Aerosmith had to cancel a few shows at the tail end of a tour in South America due to “health reasons” relating to Hamptonswear enthusiast Steven Tyler. And since we’re all a little jumpy these days, especially considering that we just lost Tom Petty, people freaked out and speculated that Steven was in a bad way. According to a statement on the band’s website, some folks thought that Steven had suffered from a heart attack or seizure.
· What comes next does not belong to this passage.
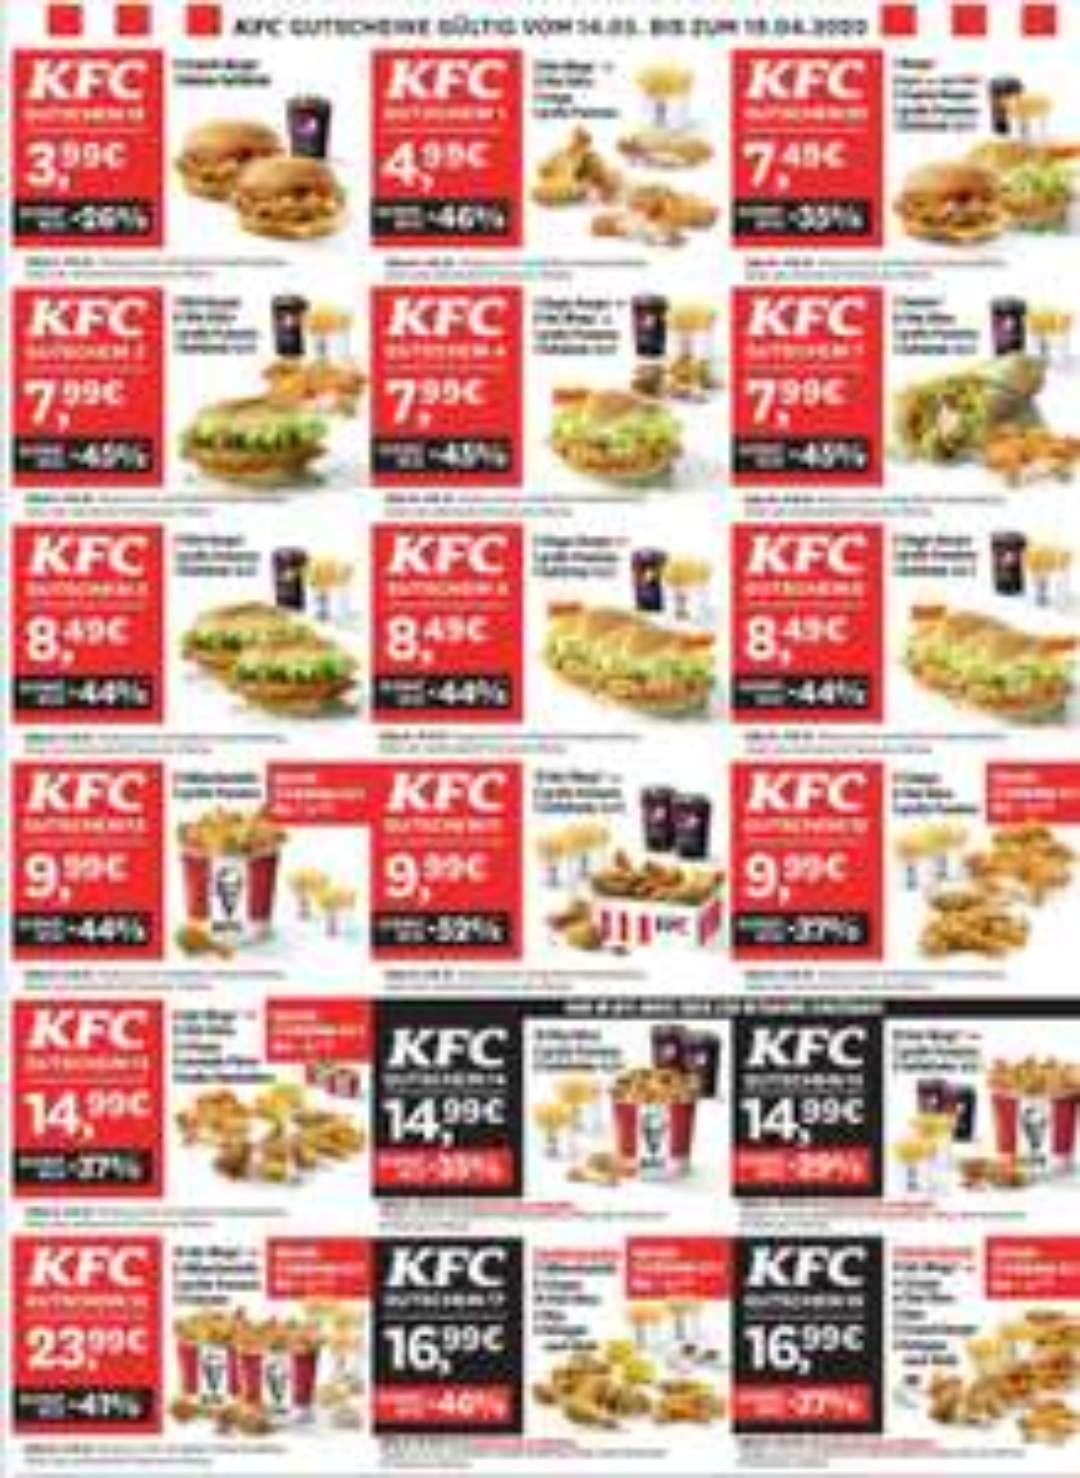 kfc in deutschland karte KFC Angebote & Deals ⇒ Oktober 2020   mydealz.de

Well, Steven wants everybody to calm the fuck down! He’s fine.
According to Steven’s ALL-CAPS statement (via Rolling Stone):
“IT BREAKS MY HEART TO HAVE LEFT THIS TOUR EARLY…THE BAND HAS NEVER PLAYED BETTER…JUST WATCH THE 100,000 PEOPLE AT ROCK IN RIO…I GIVE YOU ALL AN A+ FOR CREATIVE SPECULATIONS BUT I CERTAINLY DID NOT HAVE A HEART ATTACK OR A SEIZURE ((UNLESS JOE PERRY IS TAKIN’ A RIPPIN’ LEAD))…SORRY TO HAVE CUT THE TOUR SHORT BUT I HAD TO HAVE A PROCEDURE THAT ONLY MY DOC IN THE STATES COULD PERFORM…WE’VE BEEN TO TEL AVIV… TO RUSSIA… TO RIO… AND ALL THE IN BETWEEN…I GUESS IT’S TRUE WHAT THEY SAY …”THAT LIFE’S A PISSER WHEN EU’RE A PEEIN’….”
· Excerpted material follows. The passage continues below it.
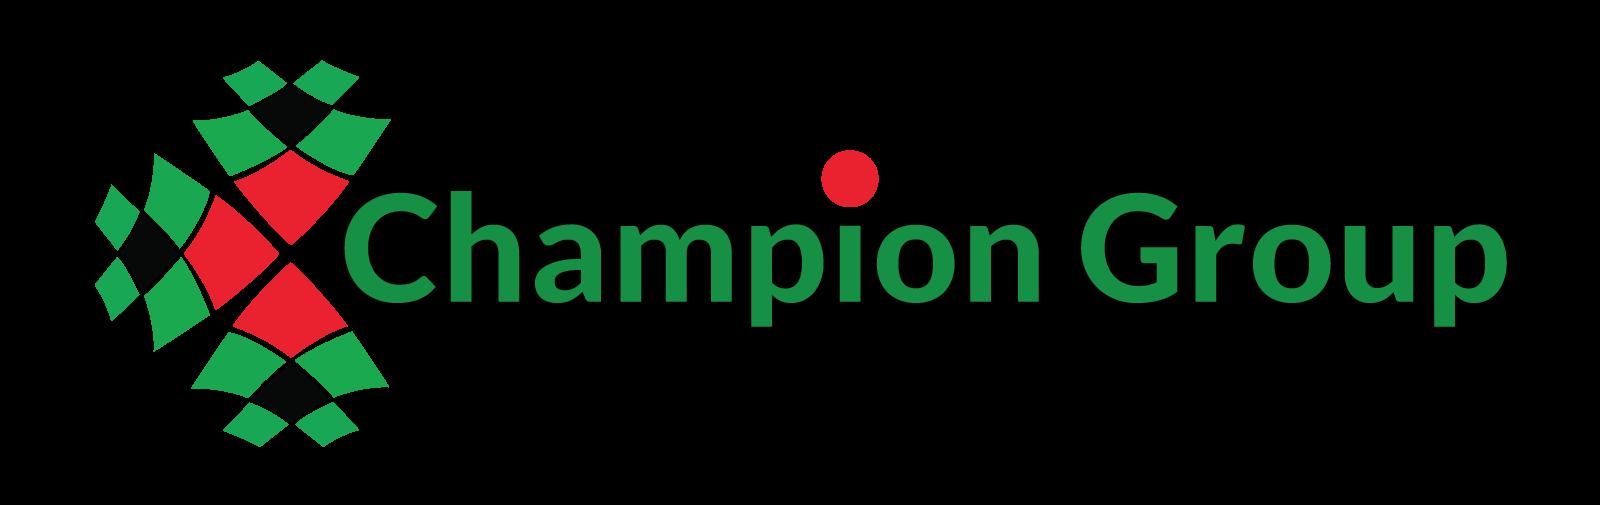 champion Group

Good to know Steven is feeling well enough to crack some dad jokes. No details were given about what the procedure was but that pun he made about peeing has me speculating that it might have something to do with his junk. Because Steven’s junk has Seen. Some. Shit. Or, my favorite theory, Steven had to have an operation on his scarf hollow. Oh, you don’t know what a scarf hollow is? It’s an organ that only Steven and Johnny Depp-types have and it’s a large hollow sac which has a snozzle that runs up one arm. This organ is filled with many colorful scarves that are produced by the “vas kerchief” that can be eliminated by the a certain movement of the arm creating an endless, colorful stream of scarves at the wrist. There are only one or two doctors in the world who specialize in the scarf hollow and Steven’s is the absolute best.